* [Your assignment] A partial copy is required: transcribe exactly the lines from the one containing "a bunch of grapefruits" through the last line below, without any pictures.

* [Information shown]
========================================

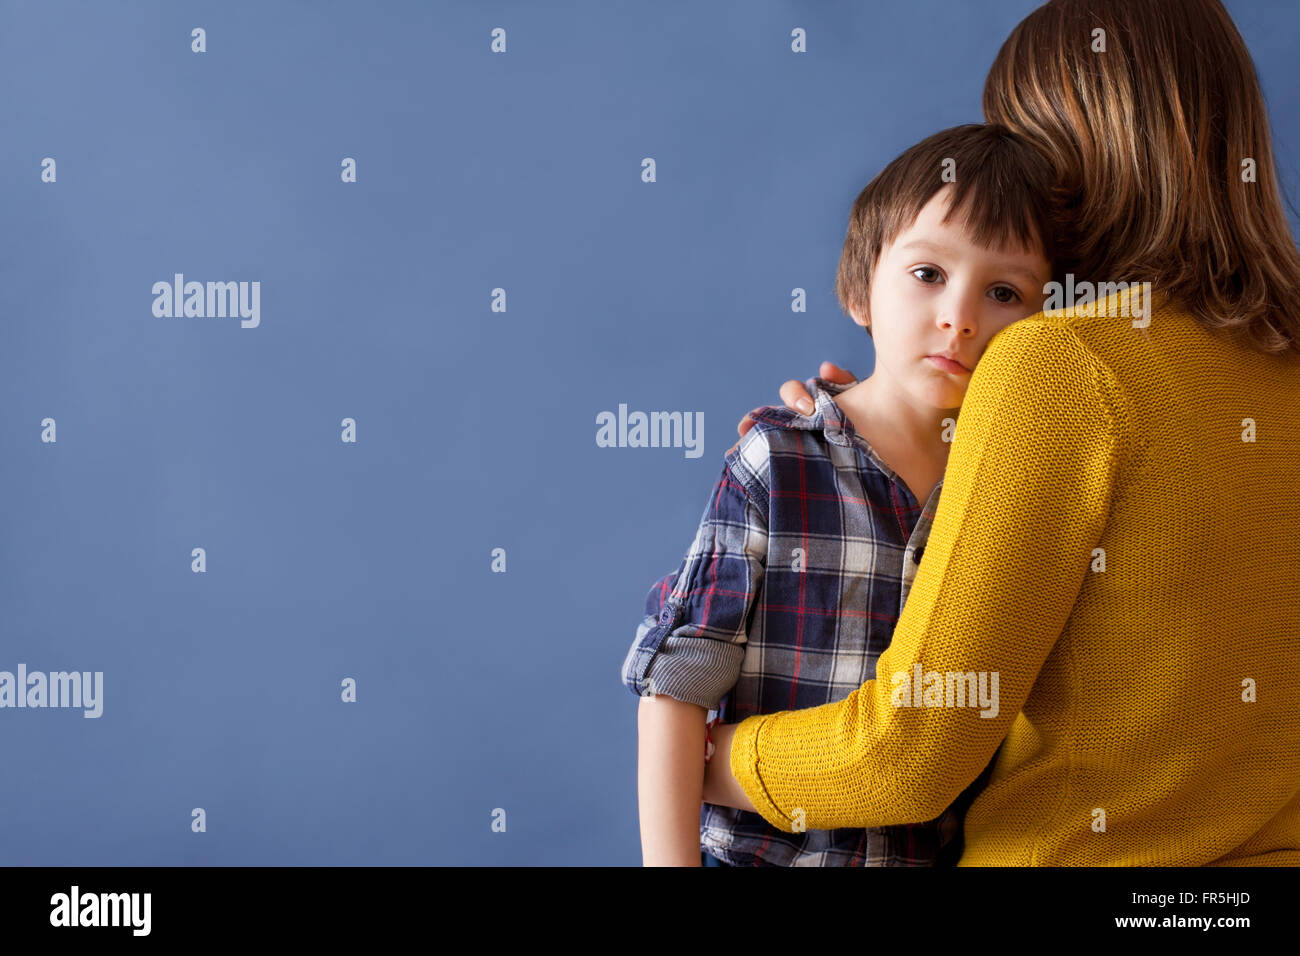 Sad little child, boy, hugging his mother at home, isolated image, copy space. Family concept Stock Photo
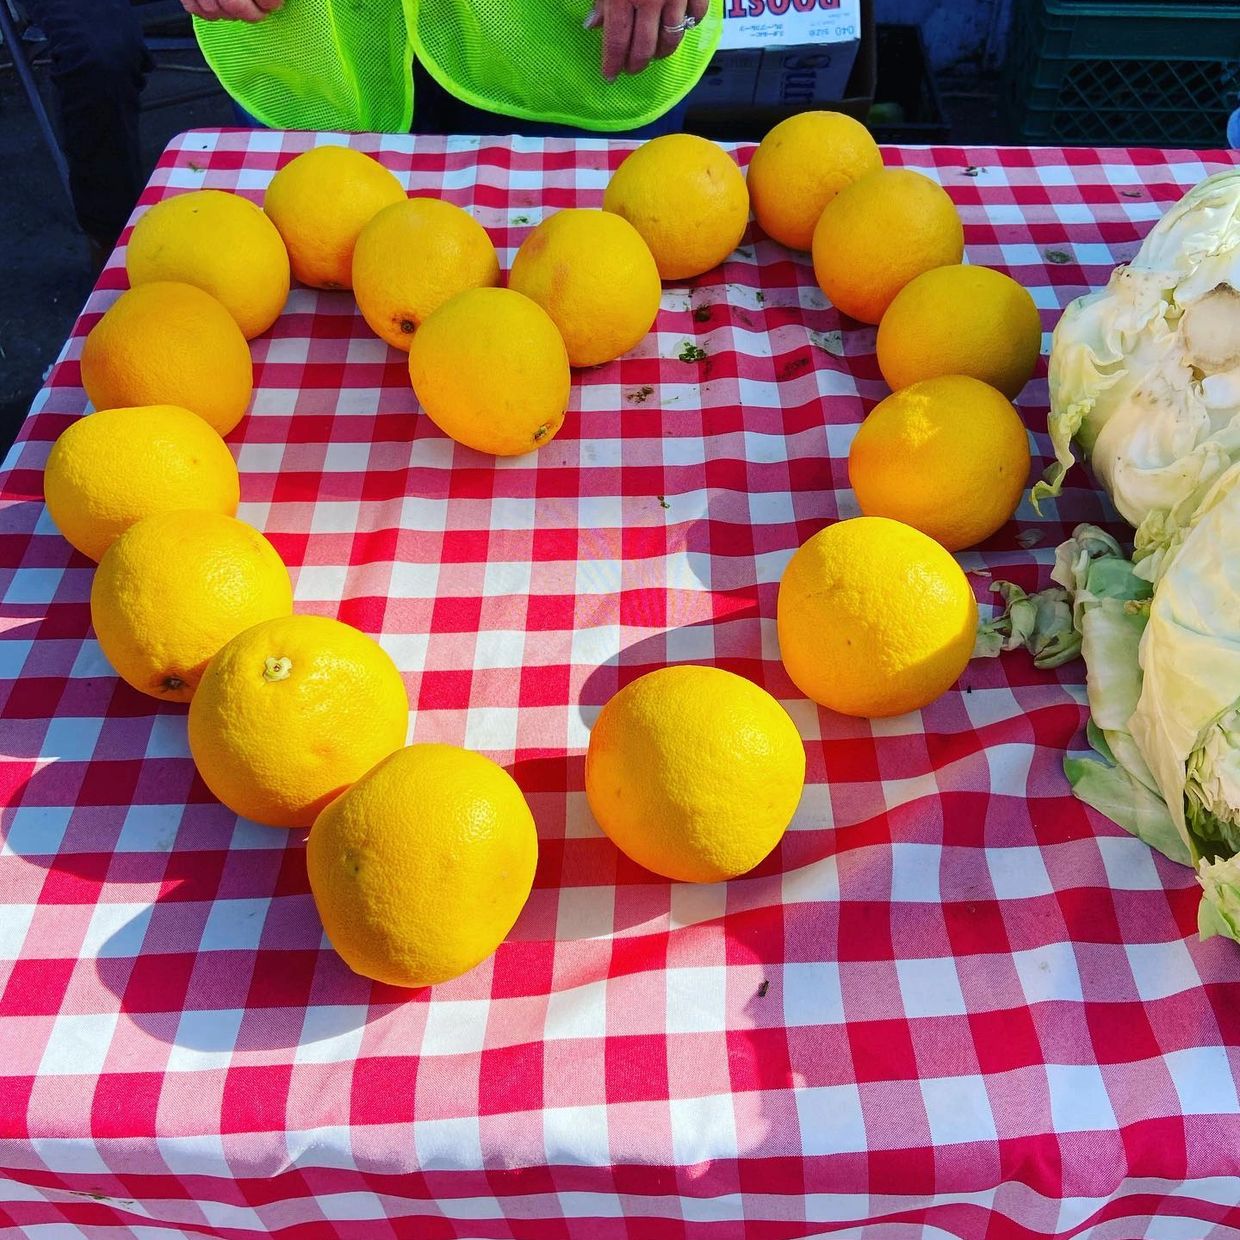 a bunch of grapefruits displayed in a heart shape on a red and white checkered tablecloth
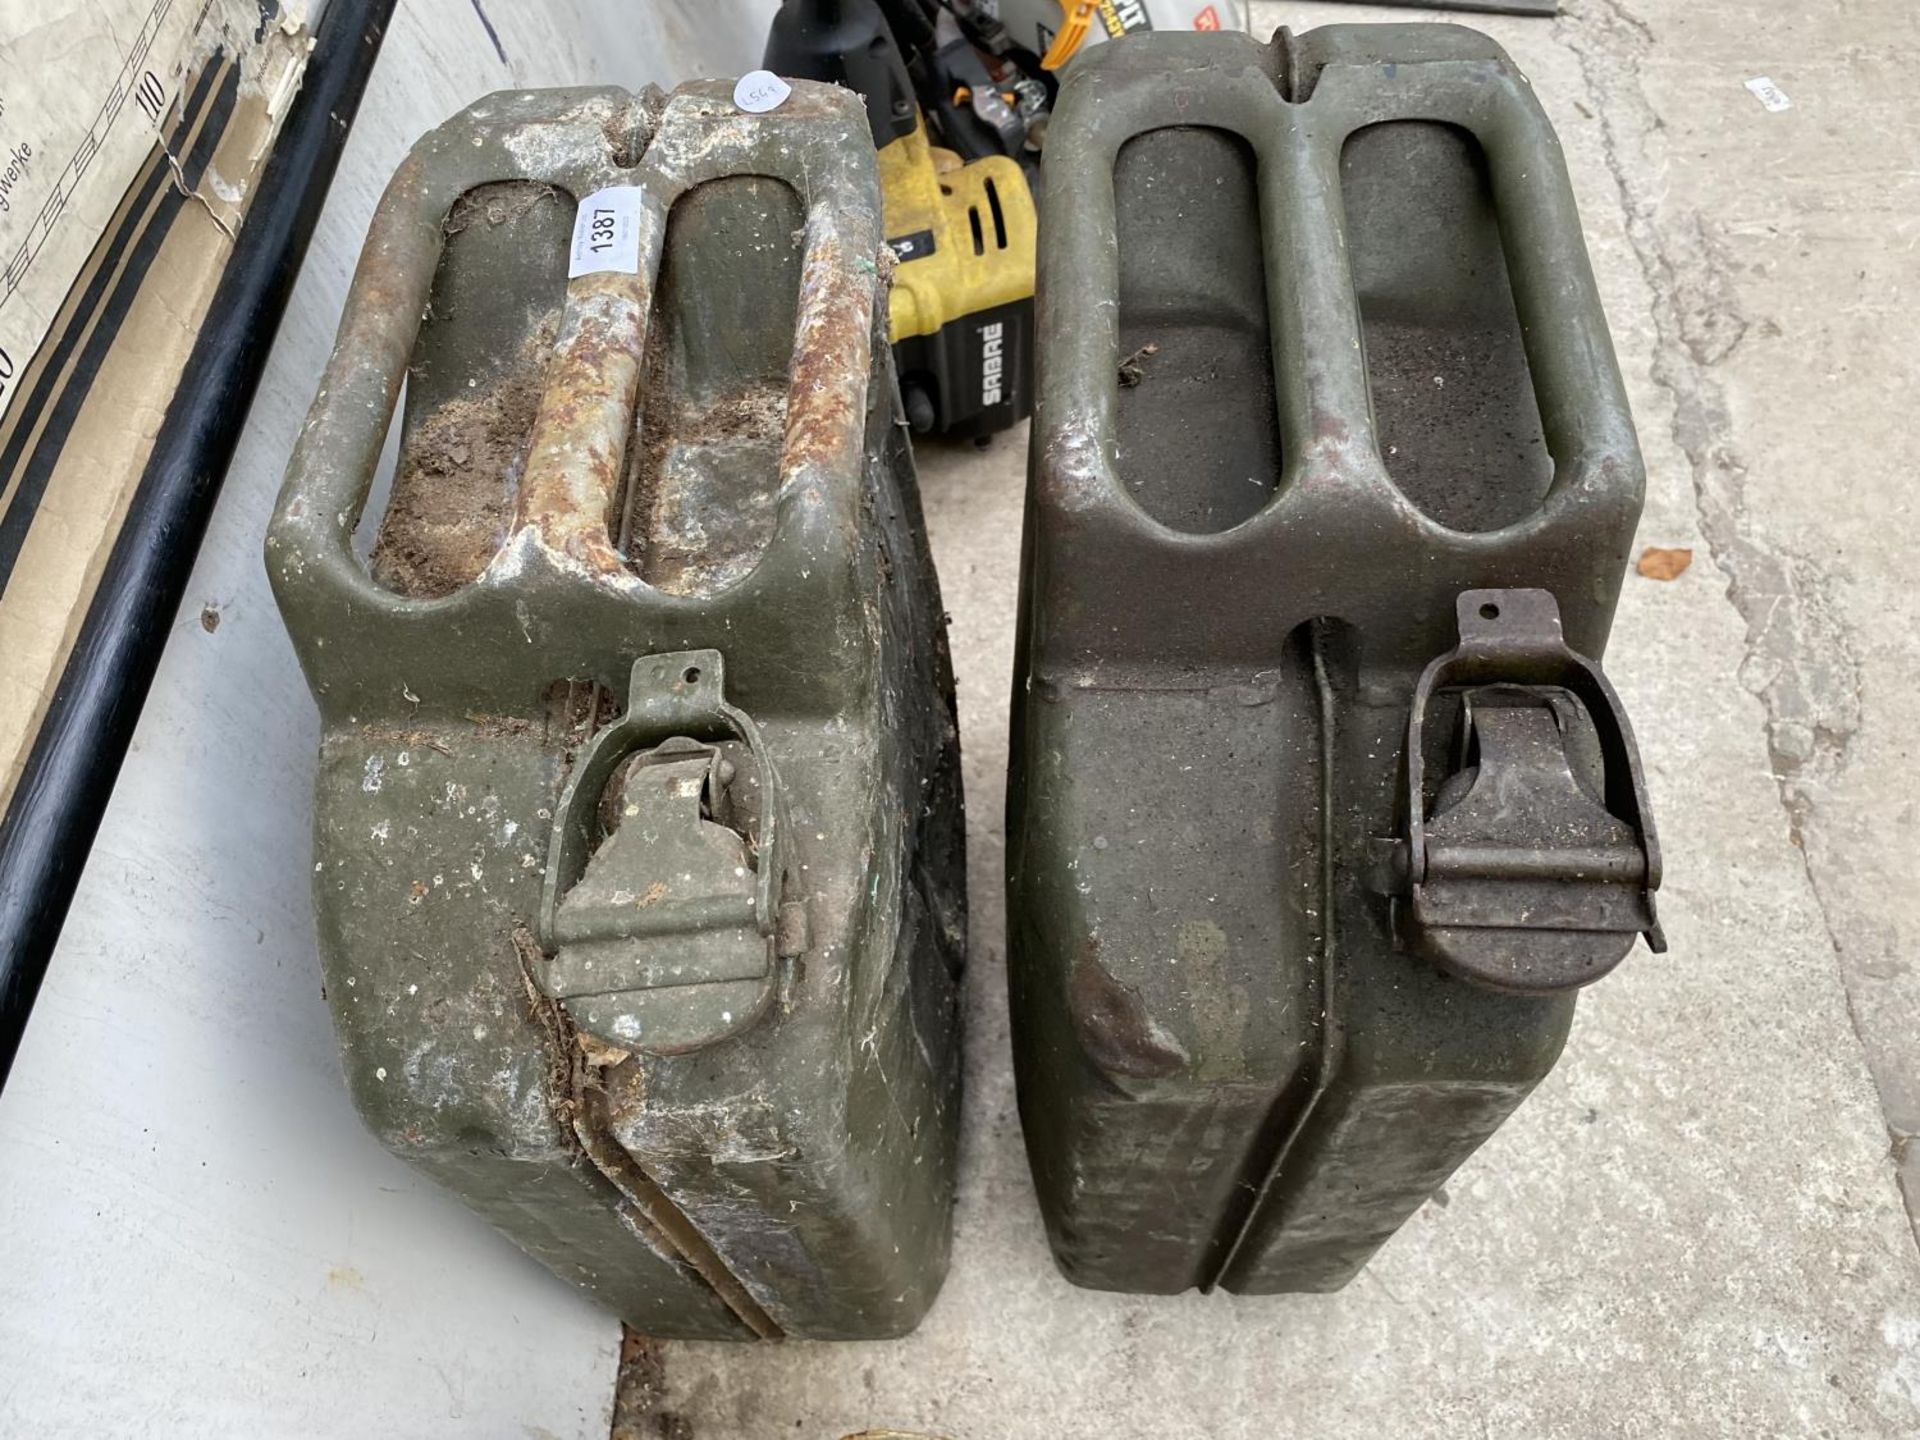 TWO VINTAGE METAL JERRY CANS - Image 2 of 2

========================================

* [Solution for this task]
 a bunch of grapefruits displayed in a heart shape on a red and white checkered tablecloth
 TWO VINTAGE METAL JERRY CANS - Image 2 of 2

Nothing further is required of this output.